3.6. Statistical Analysis

All statistical analyses were conducted using SPSS version 29 (IBM, Chicago, United States). All data were checked for normality using the Shapiro–Wilk test. Two‐way repeated measures ANOVA were used to determine interactions and main effects for condition and time for physiological responses to exercise (heart rate, RPE, V̇O2, blood glucose and lactate) and substrate oxidation (RER, CHO and fat oxidation (g/min), exercise energy expenditure and % contribution of CHO and fat to exercise energy expenditure).
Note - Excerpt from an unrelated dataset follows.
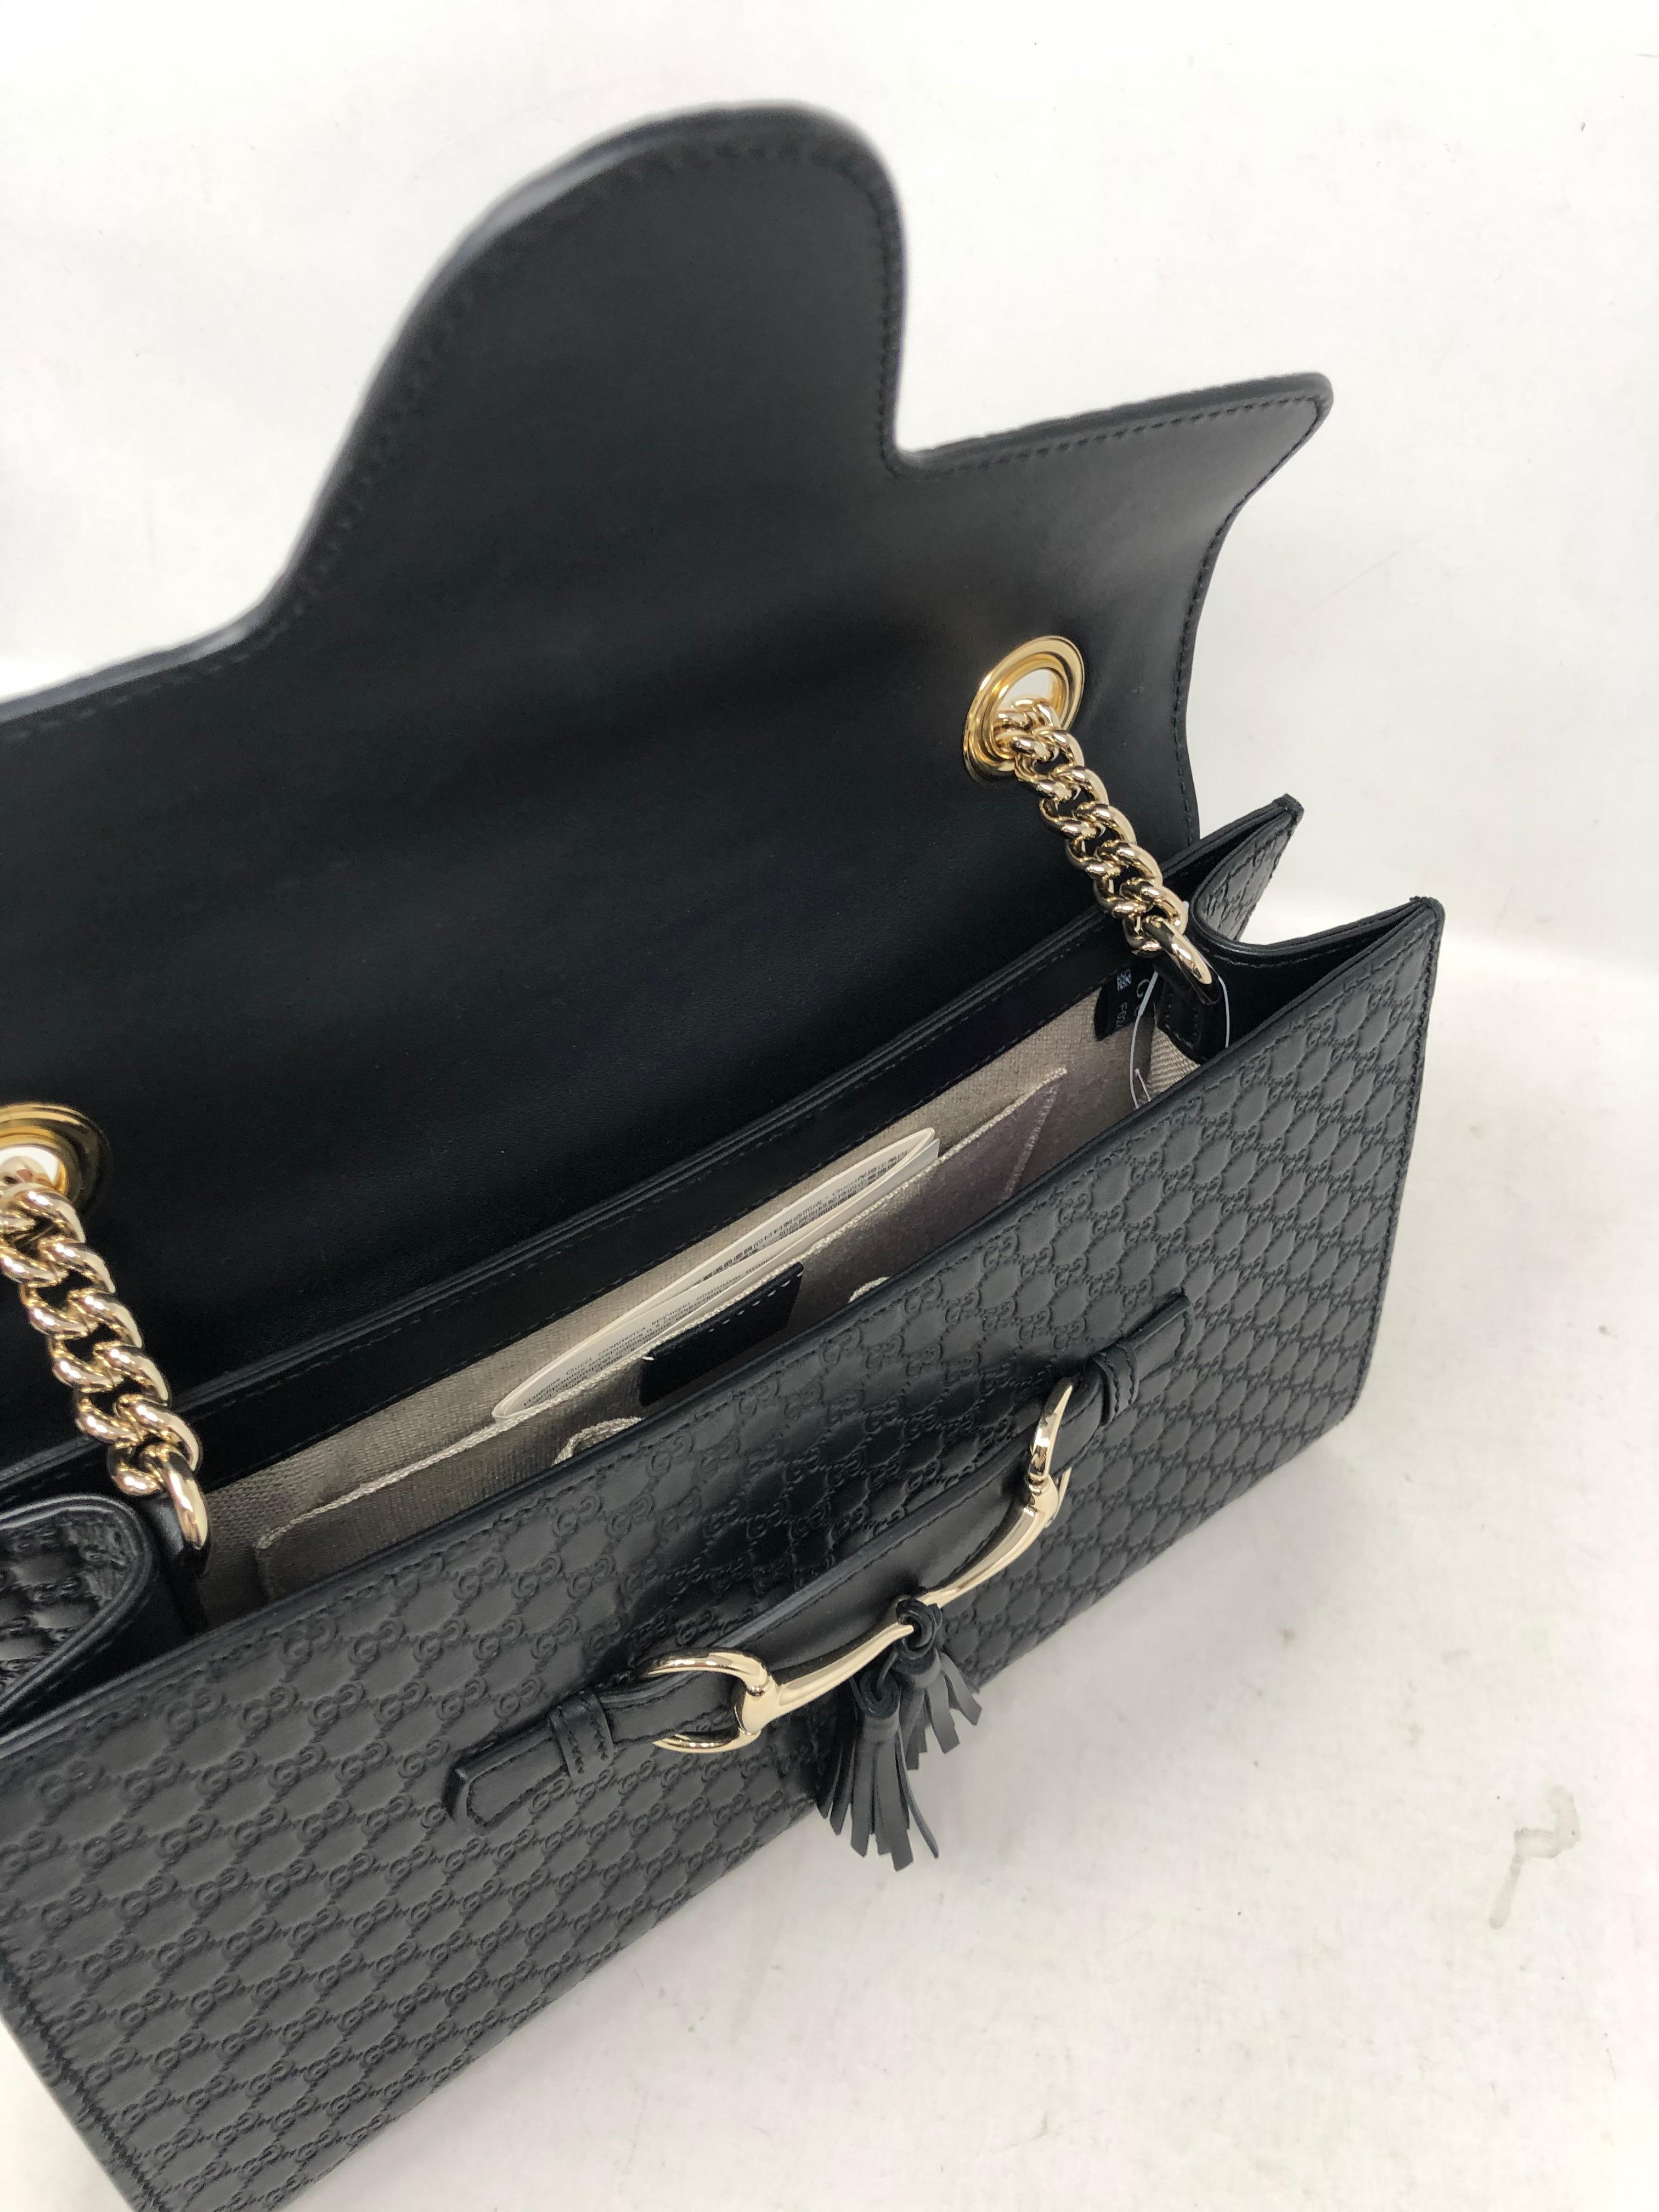 Gucci Embossed Black Leather Bag 6

Significant main effects were further analysed using Bonferroni post hoc tests to explore where significant differences occurred. ANOVA effect sizes are partial eta2 (η 2 p ) with values of 0.01, 0.06 and 0.14 corresponding to a small, medium and large effect, respectively (Cohen 1988). Total CHO and fat oxidation (g) and exercise capacity were analysed using the Wilcoxon ranked test (nonparametric equivalent to paired t‐test) as data were not normally distributed. Cohen's d effect sizes were calculated by dividing the standardised test statistic (Z score) by the square root of the number of observations, with an effect size of 0.2, 0.5 and 0.8 equating to a small, moderate and large effect, respectively (Cohen 1988). One participant was excluded from the analysis for stomach fullness as they reported a severe score of 7 throughout exercise for both conditions, which based on his physical appearance, suggested lack of understanding of the severity of symptom scores. All values are presented as means ± SD unless otherwise stated, with significance set at p < 0.05.

4. Results

4.1. Physiological Responses

Heart rate, RPE and absolute V̇O2 responded similarly in both trials, with no main effect for condition (p = 0.22; p = 0.46 and p = 0.82, respectively) and no significant interaction (p = 0.37; p = 0.49 and p = 0.32, respectively). Heart rate, RPE and absolute V̇O2 increased throughout exercise time (p < 0.001, for all variables), reaching significance versus the first time point following 15, 30 and 150 min, respectively (Table 2).

TABLE 2.

Heart rate, rating of perceived exertion (RPE), oxygen uptake (V̇O2) and total energy expenditure (TEE) during 180 min steady state cycle with high CHO availability consuming either 22.5 g every 15 min (CHO‐15) or 45 g every 30 min (CHO‐30).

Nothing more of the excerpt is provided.